Did they receive prophylaxis with heparin? Was their treatment early (72 hours after hospital arrival and earlier) or late (after 72 hours)? Did they experience worsening intracranial hemorrhage, DVT, PE, surgical operations 72 hours after hospital admission, or in-hospital death? The researchers asked all of these questions and compared results between “early” and “late” prophylactic treatment groups. 

Their results led to their study being the first to ever show the safety of early prophylaxis as well as its ability to lower the risk of PE and DVT: odds of both of the clotting conditions in the early prophylaxis group were 50 percent lower compared to the late prophylaxis group. There was also no difference between the early and late prophylaxis groups per the incidence of neurosurgical interventions or in-hospital death, proving its safety. 

Severe brain trauma is very common in patients treated for major injuries at trauma centers, and for the researchers at the American College of Surgeons to confidently say from their findings that early prophylaxis is safe and effective at preventing PE and DVT, it means that many lives will hopefully be saved in the future with the administration of quick blood clot prophylaxis. 

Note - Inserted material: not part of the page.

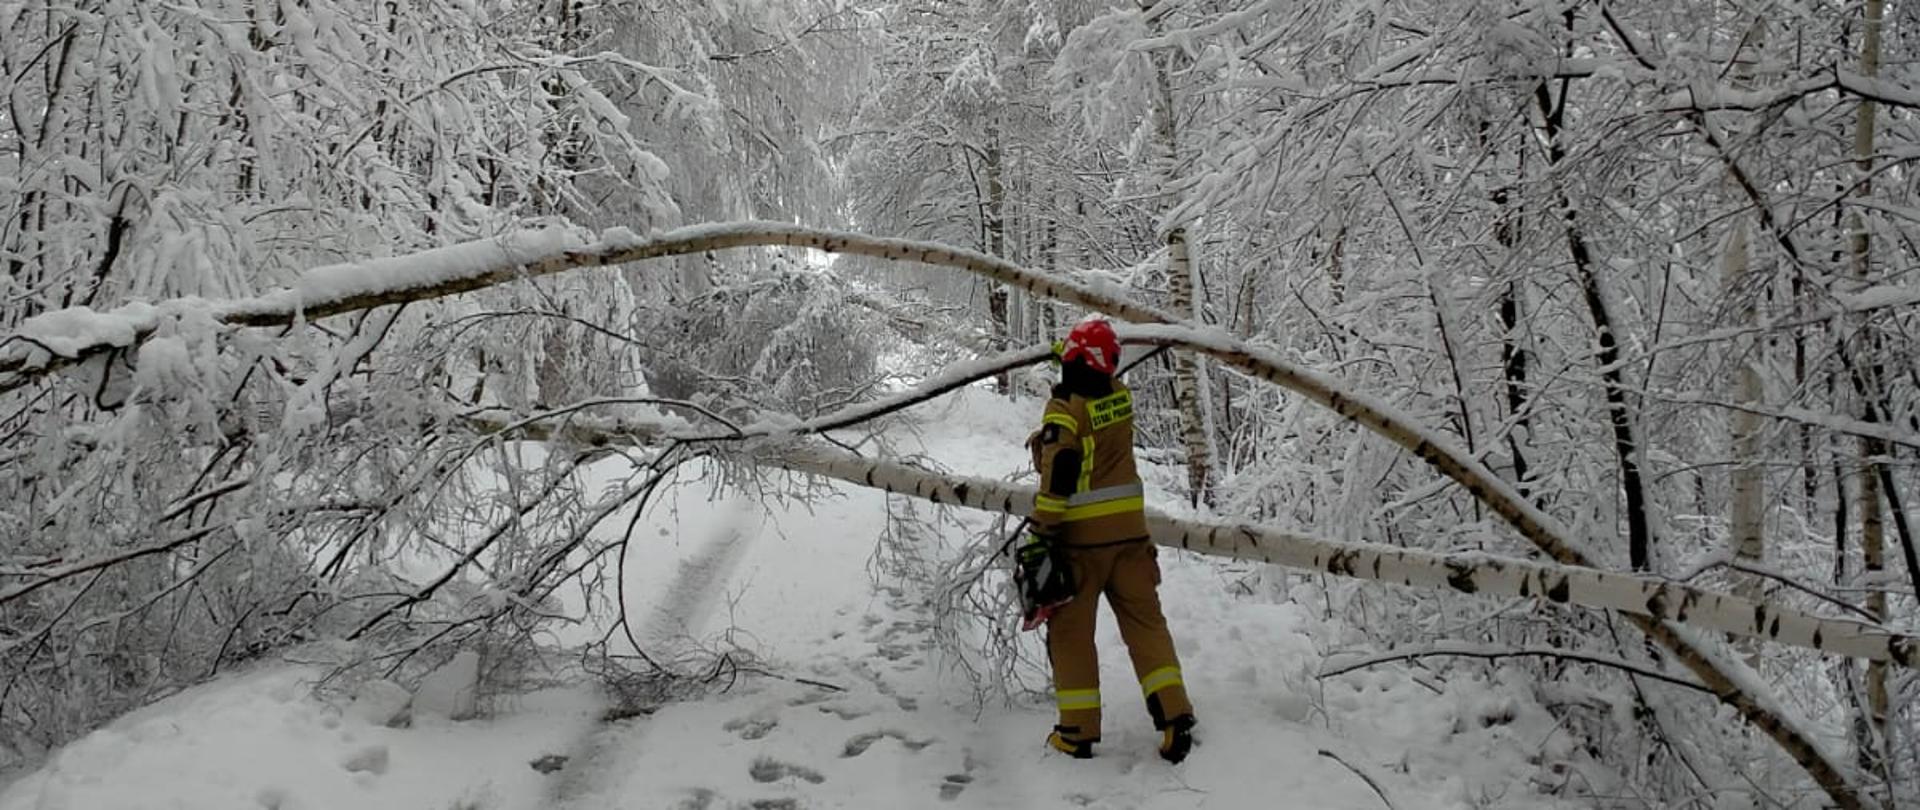 Na zdjęciu widoczne powalone drzewo na zaśnieżonej drodze. Przed drzewem strażak w umundurowaniu z piła motorową.

This study was recently published in the Journal of the American College of Surgeons.
 


Source: American College of Surgeons, U.S. Food and Drug Administration, Circulation
 
About the Author
  • I am a scientific journalist and enthusiast, especially in the realm of biomedicine. I am passionate about conveying the truth in scientific phenomena and subsequently improving health and public awareness. Sometimes scientific research needs a translator to effectively communicate the scientific jargon present in significant findings. I plan to be that translating communicator, and I hope to decrease the spread of misrepresented scientific phenomena! Check out my science blog: ScienceKara.com.
You May Also Like
JUN 18, 2019
Cardiology
JUN 18, 2019
Defining Cardiogenic Shock, New Guidelines
Cardiogenic shock (CS) occurs when the heart suddenly is unable to pump sufficient blood to meet the body’s needs. Most often, this condition is caus...
JUN 18, 2019
Cardiology
JUN 18, 2019
New Noninvasive Method For Controlling Atrial Fibrillation
Atrial fibrillation or Afib is a condition in which the heartbeat is irregular. Often the pulse is rapid in Afib patients as the heart attempts to maintain...
OCT 17, 2019
Cardiology
OCT 17, 2019
Runner's Knee, a Rundown
Perhaps you have taken up a running or another cardiovascular activity to protect your health as you age. This is, of course, a wise and proactive thing to...
NOV 07, 2019
Clinical & Molecular DX
NOV 07, 2019
A Revealing Look at Rare Disease Incidence
Being diagnosed with a rare disease can be especially terrifying for patients. After all, many of these diseases have no treatment options. This is because...
NOV 18, 2019
Cannabis Sciences
NOV 18, 2019
Frequent Marijuana Use Linked with Stroke and Arrhythmia
Research from two new preliminary studies presented at the American Heart Association’s (AHA) annual Scientific Sessions this week warned of the heal...
DEC 20, 2019
Health & Medicine
DEC 20, 2019
Potential Link Between Cannabis Use and Structural Changes to the Heart
Researchers from the Queen Mary University of London used MRI images of more than 3,000 people, 152 of them former or current cannabis users, to identify a...
Loading Comments...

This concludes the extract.